Draft of the Week, #14.

I was lucky enough to spend two whole days with Rhett Iseman Trull, and what fun we had. We talked poetry, literary journals, played with the boys… and Lance made gumbo! Which we wolfed down, starved after our intersecting journeys.

First thing when we stepped out of the car after arriving from the airport, Rhett looked up and spied a bald eagle. Truly!  (We discovered later that he’s a regular—Lance always knows these things—called the “Bridge Eagle” around here, because he hovers around the bridge, fishing in the river. Which he can’t do right now, due to its current frozen state.) Sadly, that was the eagle’s first & only appearance to us—if he’s smart he lit off for better hunting grounds.

Rhett & Meg both read wonderfully; they were a great match-up, full of spark & personality, and we had a packed house. After such a lively poetry party, I had a hard time settling into sleep that night. Hooray for me, I had Rhett again the next day when the wacky weather played havoc with her travel plans. More poetry talk, more playing with the boys—Rhett’s a total wiz with kids, Vincent & Aidan adored her—until it was time to bring her back, however reluctantly, to the airport. I already miss her softly Southern lilt, and look forward to seeing her again sometime, I hope, in the not too distant future.

*

On another note, Carolee and Jill over at ReadWritePoem have named their poetry mini-challenge for the month, and it is “Fall in love with a poet”, cento-style! Check out their post here to read more on this form and what this challenge is all about.

Per the rules, I have altered very little: capitalizations, punctuation (though less than you might imagine), one verb tense, and I added one preposition. Not quite a pure cento, but pretty damn close.

Because I’m in the midst of a Lowell/Bishop kick, and because I can’t seem to follow a prompt without customizing it (sorry!), my plan is this: on day one (today) a cento from Lowell; day two (tomorrow, maybe Thursday), a cento from Bishop; and on the last day (Fri/Sat), a combined Lowell/Bishop cento. As each new poem goes up, the previous one will come down. Comments, both yays and nays, are always welcome.

(As an aside, does anyone know whether it’s okay to submit centos to journals for publication? I ask because the cento, even with due credit given, seems like it inhabits a sketchy magpie area. Any thoughts?)

{poof!}

5 responses to “Draft of the Week, #14.”

  1. M., I have the same murky/sketchy feelings about centos. I love to play with them, being a jigsaw puzzle fan at heart; however, they never feel like they are truly mine.

  2. i kind of agree with sandy. i like them for writing exercises, but i don’t consider them mine to publish. i don’t know about the official word, though. i think you can get from them all sorts of interesting material, but the centos themselves i think of as vessels only, a means to an end.

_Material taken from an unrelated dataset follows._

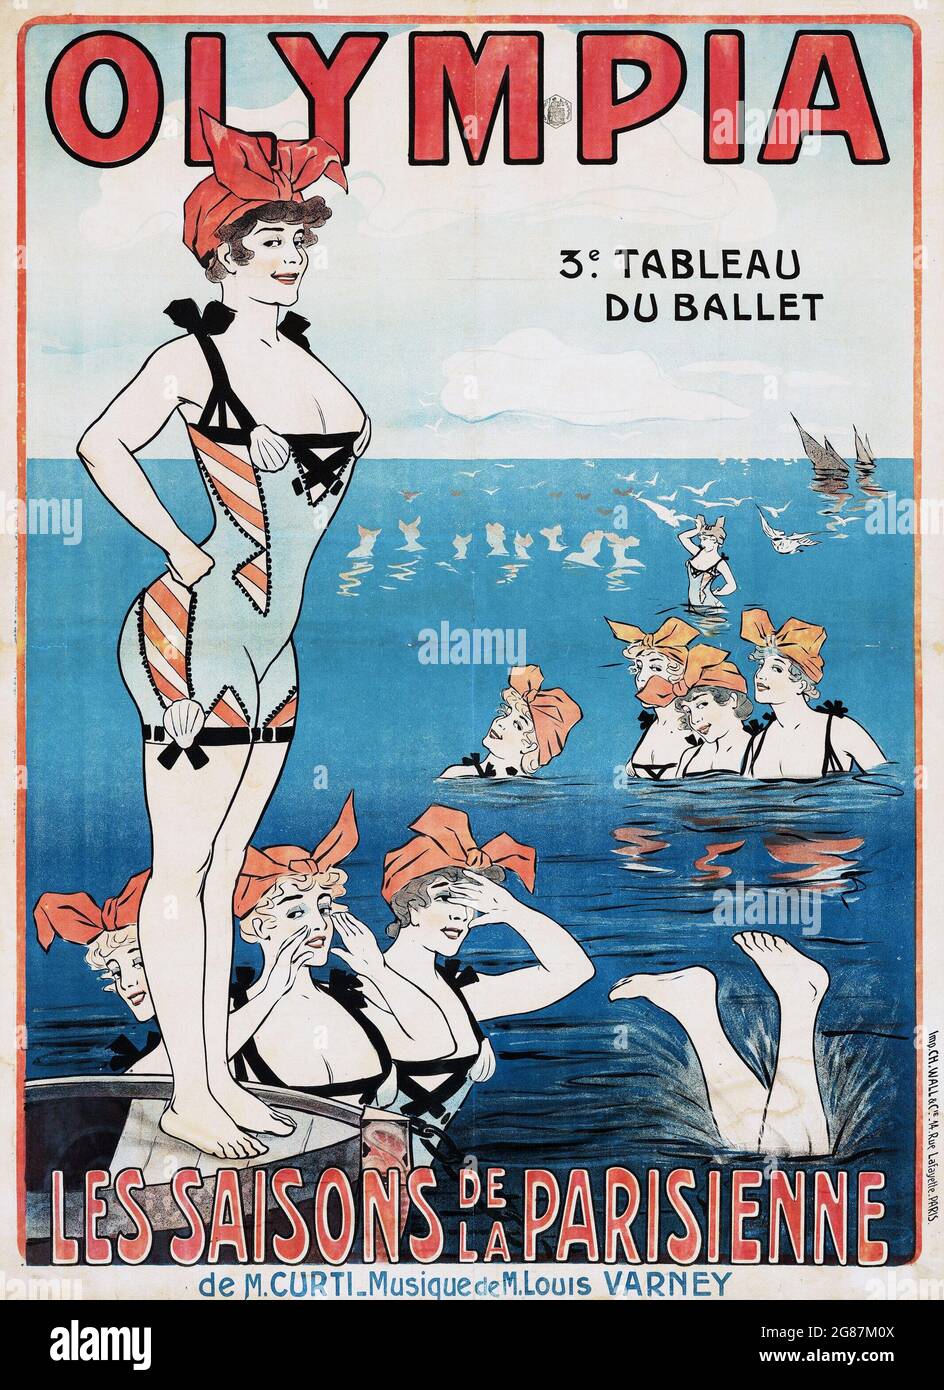 Vintage poster: Les Saisons de la Parisienne at the Olympia (Early 1900s). French Theater Poster. Woman in bathing suit. Stock Photo

    i like the juxtaposition of “stand and live” with “snap and splinter”!

  3. Sandy, yes, they do have a puzzle quality to them, don’t they? I’m becoming addicted.

    Carolee, officially it looks like centos are fair game, fair use, from what I can tell — but it does make me wonder. Cento-poets of note: Homer, Vigil, Peter Gizzi, & John Ashbery. 🙂 None, however, as far as I’m aware, wrote single-poet centos. But as long as one only uses one line per poem, does that matter? I’m going to have to conduct further research.

  4. oh rats! did i miss your centos? did they disappear? can you send them to me to check out? ps: sarah j. sloat’s has a cento in her chapbook, in the voice of a minor saint, all lines by surrealist poets, even the title!

  5. Thanks for the reminder, Jill! I ordered her chapbook whenever it was that I read your review, along with another Tilt Press title, but they haven’t arrived yet — can’t wait!

    (Shhh: I’ll email you my centos. I really like the idea of the titles being poems lines too, but it feels important to me, esp b/c I’m using a single poet, or in the last cento, two, that the source material be clear & identified.)